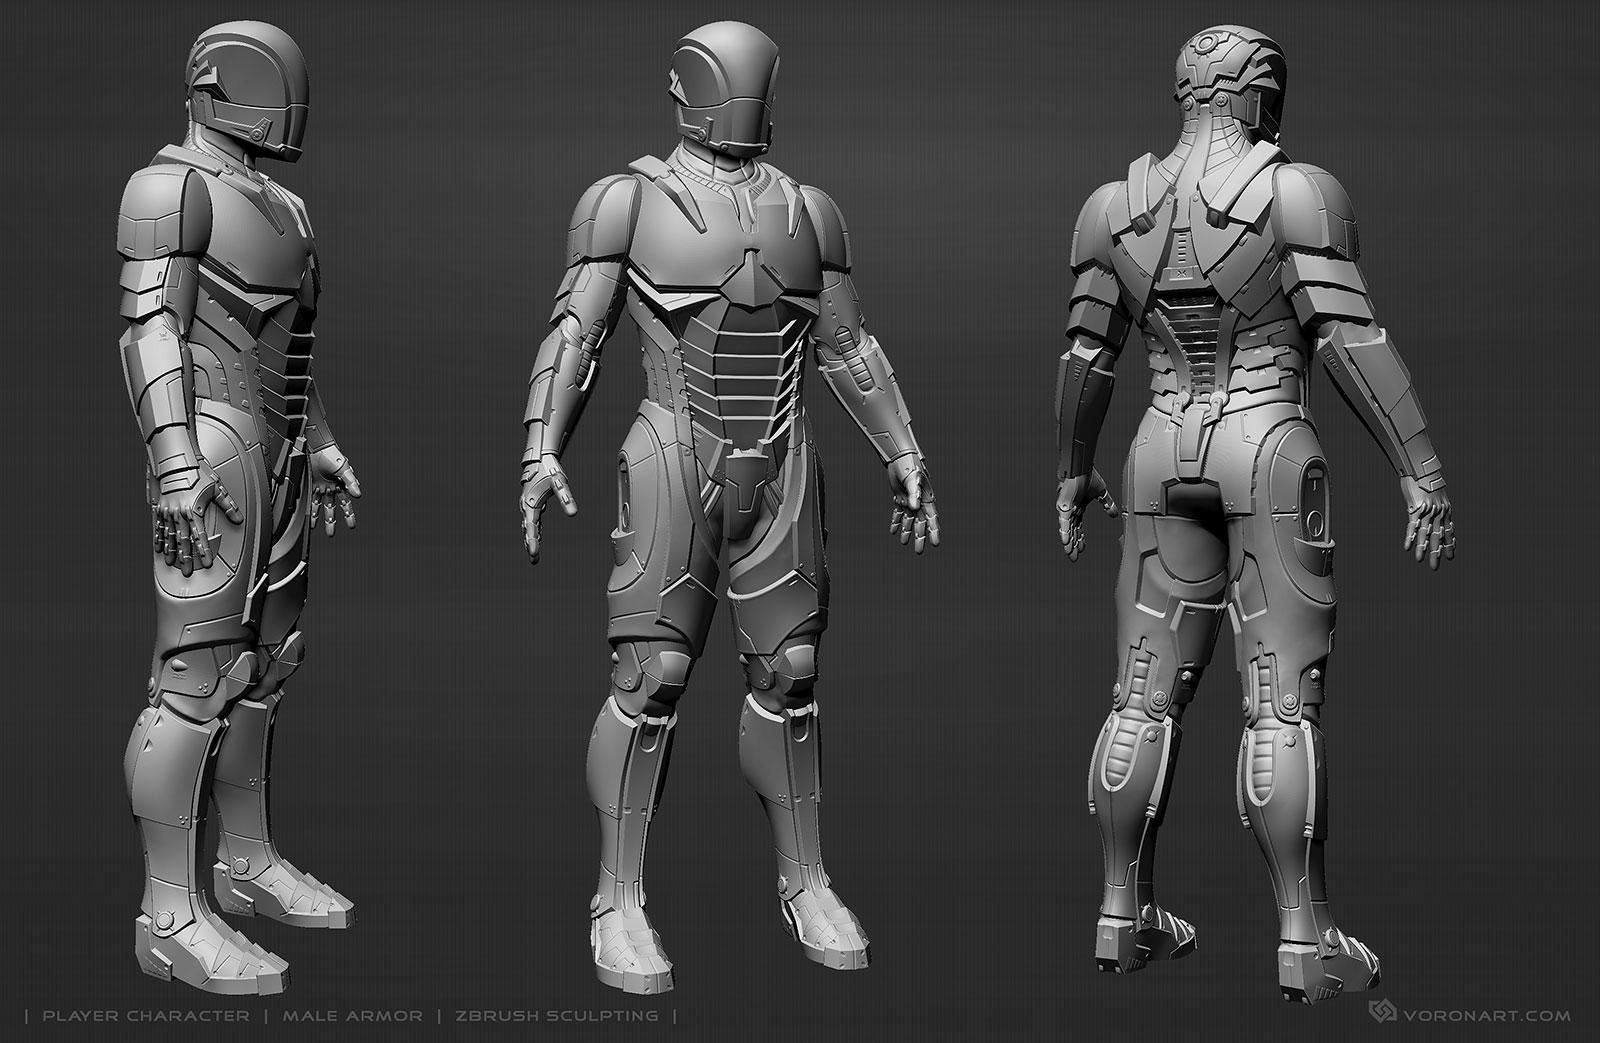 Iron Man Suit Design Software
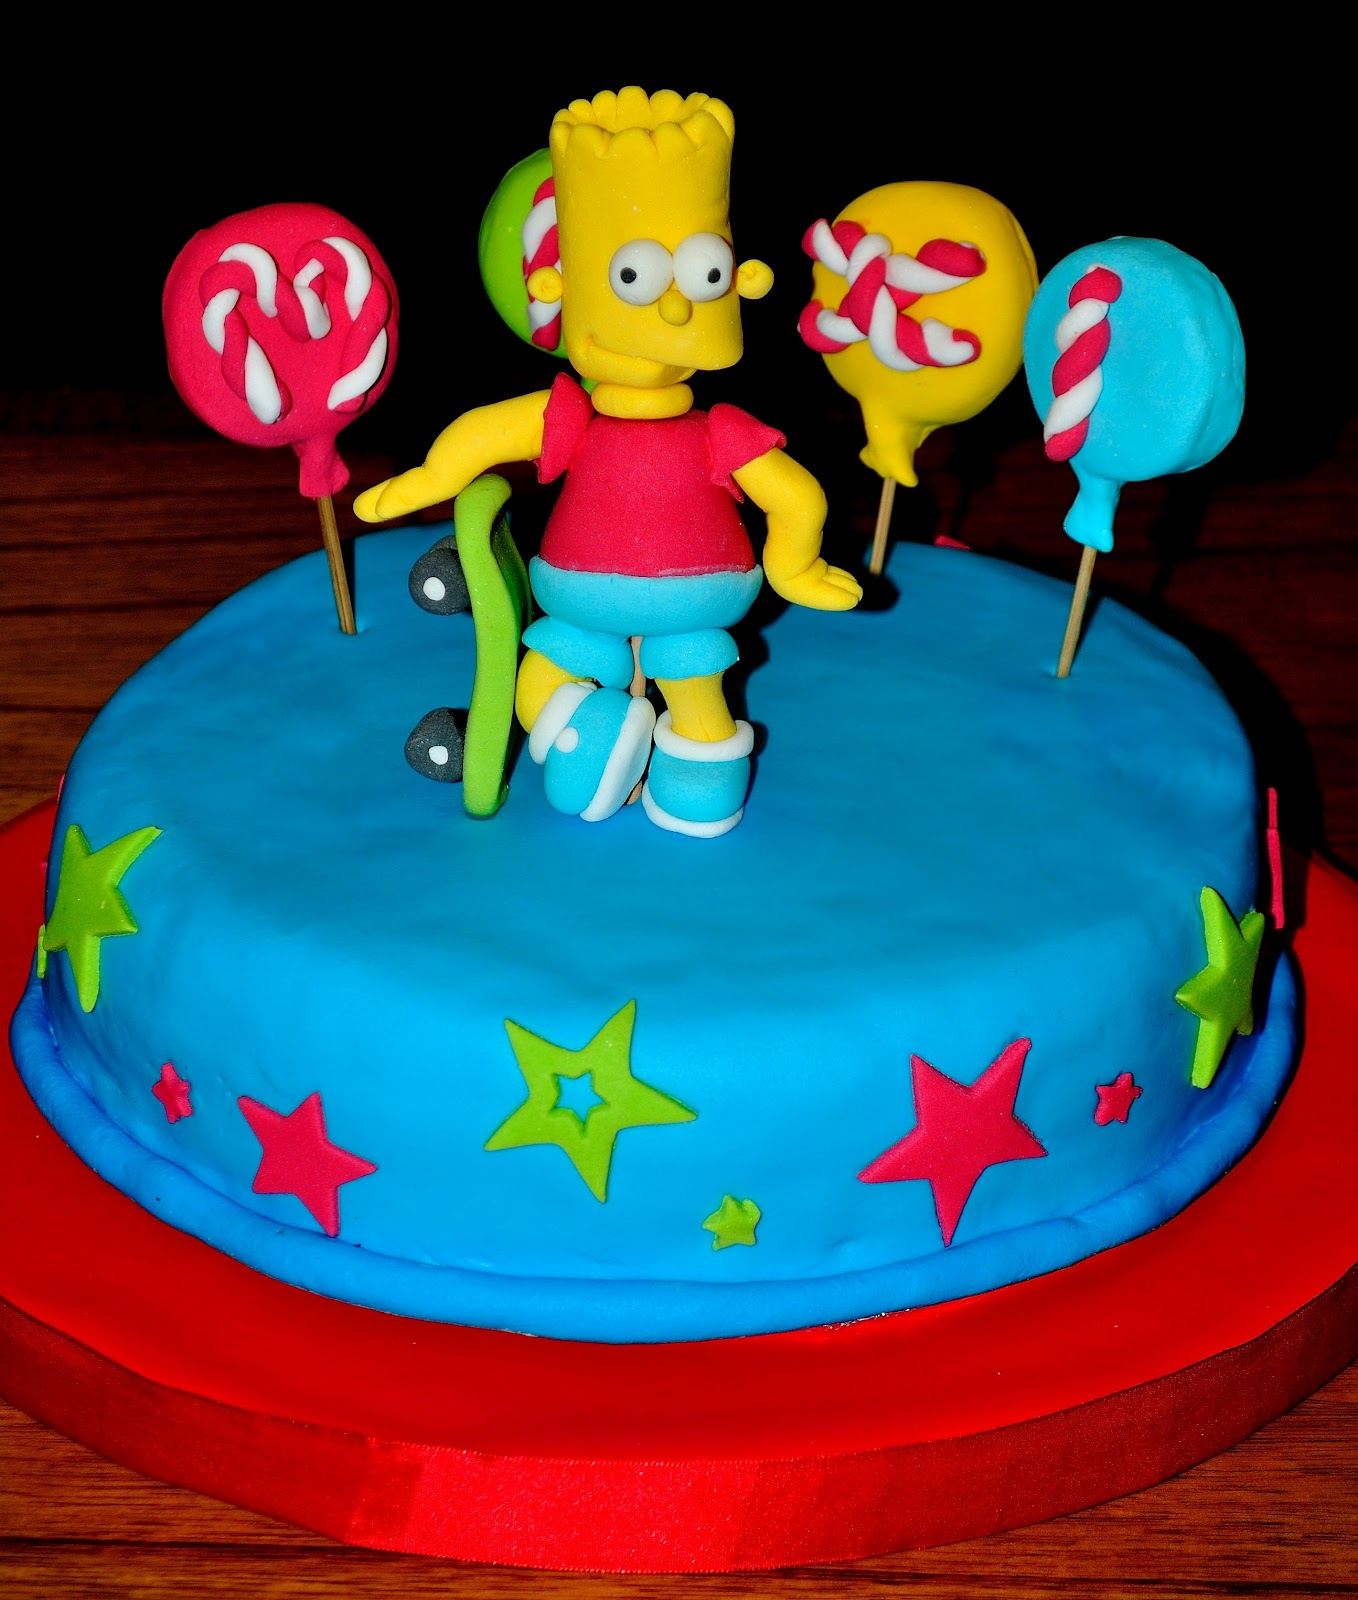 Divinas Sensaciones - Pastelerìa artesanal: Tortas
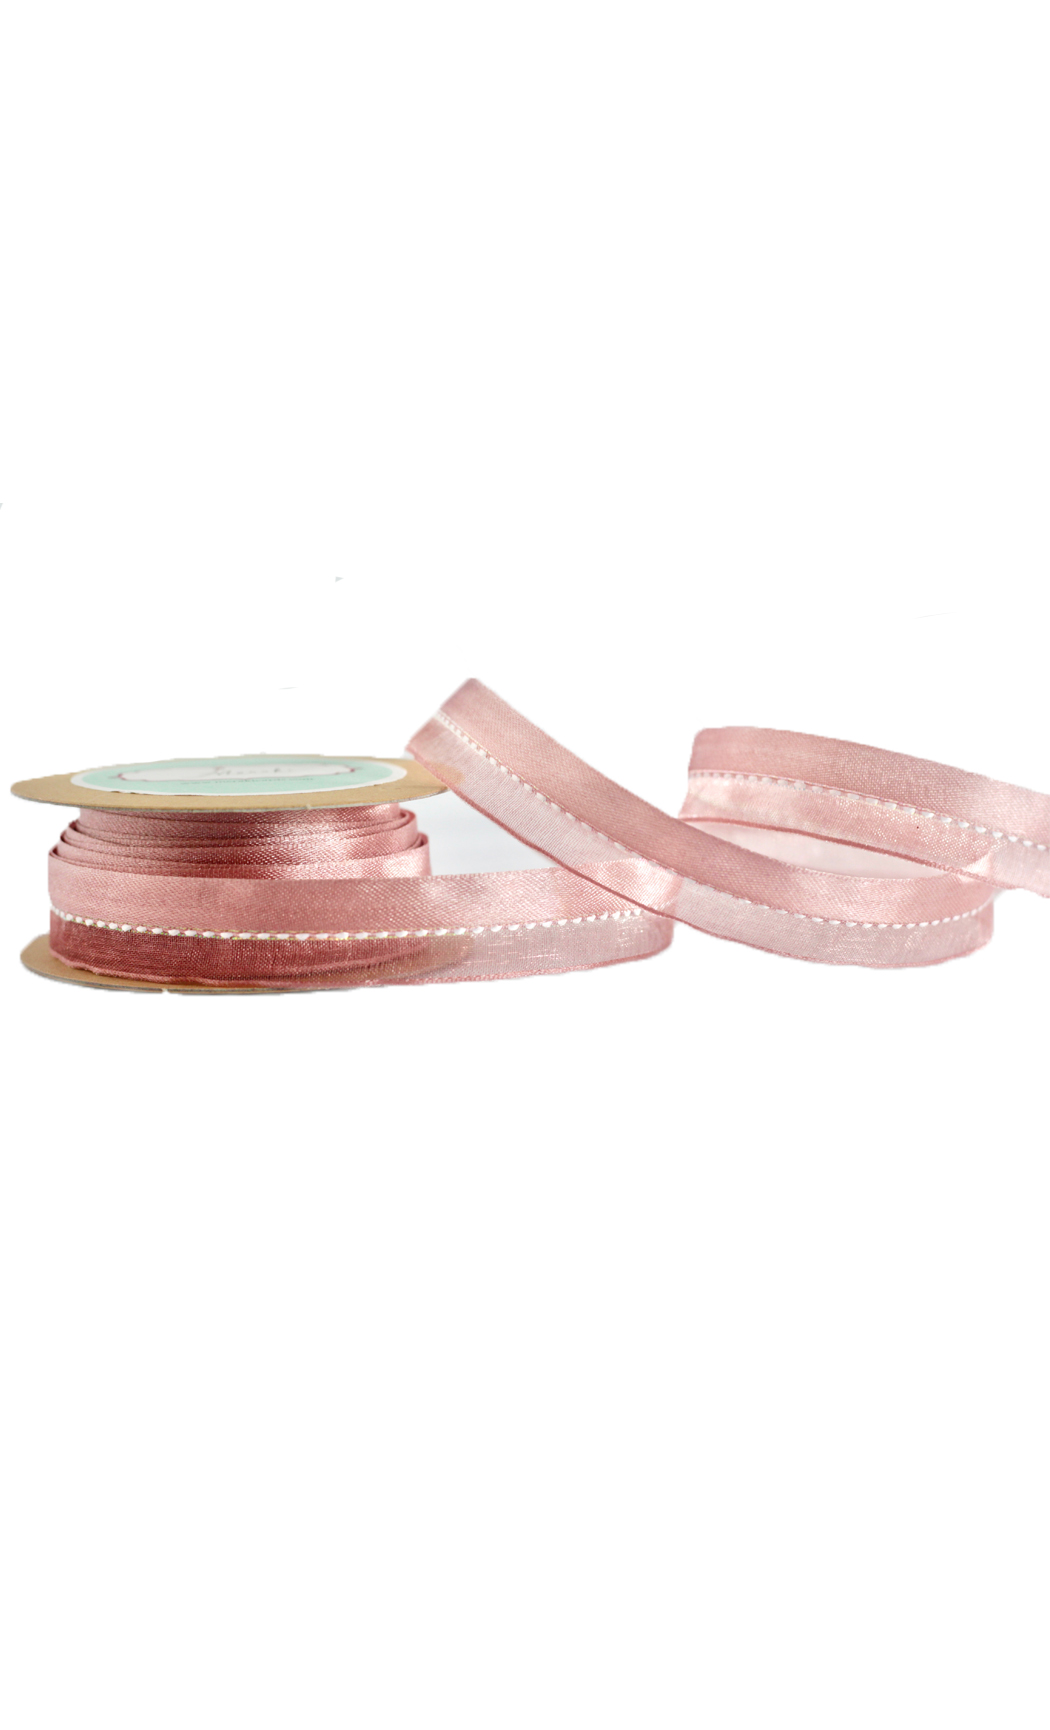 Dirty Rose Half and Half Ribbon - Buy Online

Exercise aim> Keep the pictures out while you retype all of the data above exactly as it appears.

Solution to the exercise>
 Iron Man Suit Design Software
 Divinas Sensaciones - Pastelerìa artesanal: Tortas
 Dirty Rose Half and Half Ribbon - Buy Online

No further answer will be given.